Вот почему, по мнению Гранта, научная революция не могла иметь места в средние века. В предложенном им объяснении фиксируется одно очень важное отличие средневековой системы научного знания от науки нового времени: теории, противоречившие основным постулатам аристотелизма, не принимались всерьез, рассматривались как продукт интеллектуальной игры. Но здесь возникает естественный вопрос: почему, несмотря на критическое отношение к любым попыткам познать истину, опираясь только на человеческий разум, характерное для христианского мировоззрения латинского средневековья, большинство натурфилософов и просто образованных людей той эпохи, говоря о природе, подразумевали картину мира по Аристотелю? Что заставляло отвергать все другие альтернативы, а в случае, когда та или иная новая идея все-таки принималась, проявлять невероятную изобретательность, чтобы выразить ее на общепринятом языке аристотелевской физики?
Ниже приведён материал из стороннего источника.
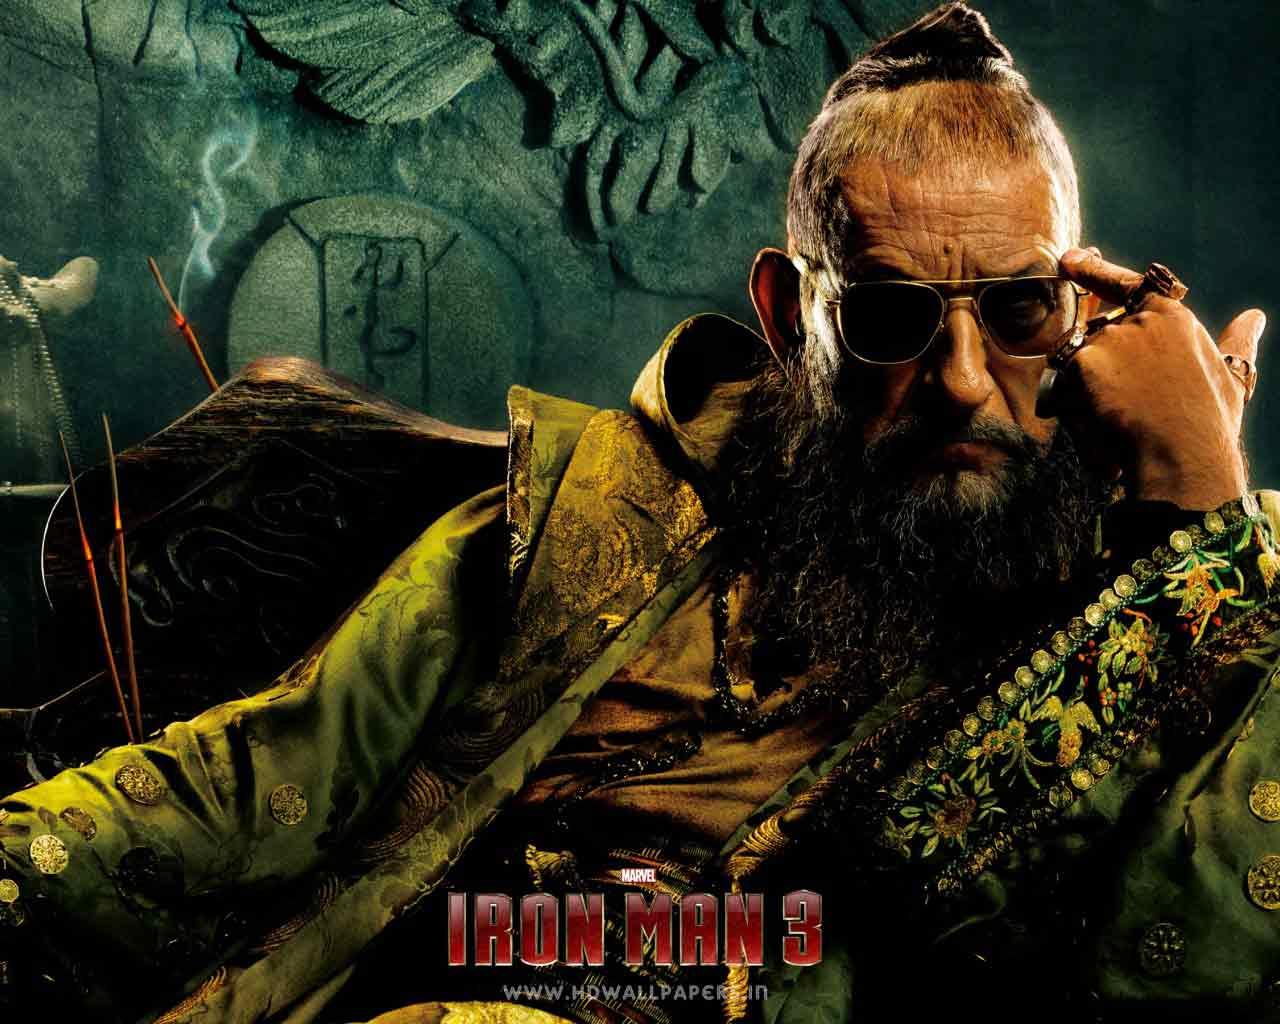 David Wilcock ~ DISCLOSURE SHOWDOWN: The War For The Truth Iron_man_3___the_mandarin-1280x1024

Обычно, отвечая на эти вопросы, ссылаются на разработанность и внутреннюю связность аристотелевской концепции[91]; в этом отношении с ней не могла соперничать никакая другая доктрина. Очевидно, что упомянутые факторы способствуют широкому распространению любой научной теории, но разве они гарантируют непогрешимость ее постулатов, делают их недоступными для критики? История классической науки знает достаточно примеров крушения тщательно разработанных концепций, так что приведенный аргумент звучит не очень убедительно.
Причина, по-видимому, кроется в другом: средневековые естествоиспытатели говорили на языке аристотелевской «Физики», потому что никакого другого языка, пригодного для описания разнообразных физических явлений (быть может, исключая оптику) в то время вообще не было. Хотя неаристотелевские интуиции буквально носились в воздухе, но отсутствовали (или находились в зачаточном состоянии) формальные средства, необходимые для рационального — точного и адекватного — выражения их содержания.
91
А. Койре в статье «Галилей и научная революция XVII века» пишет: «…Аристотелевская физика — это очень строго продуманная и очень связная система теоретического знания, которая, имея весьма глубокие философские основания, находится еще и в превосходном согласии с опытом…» [115, 5]. См. также: [98, 83—84].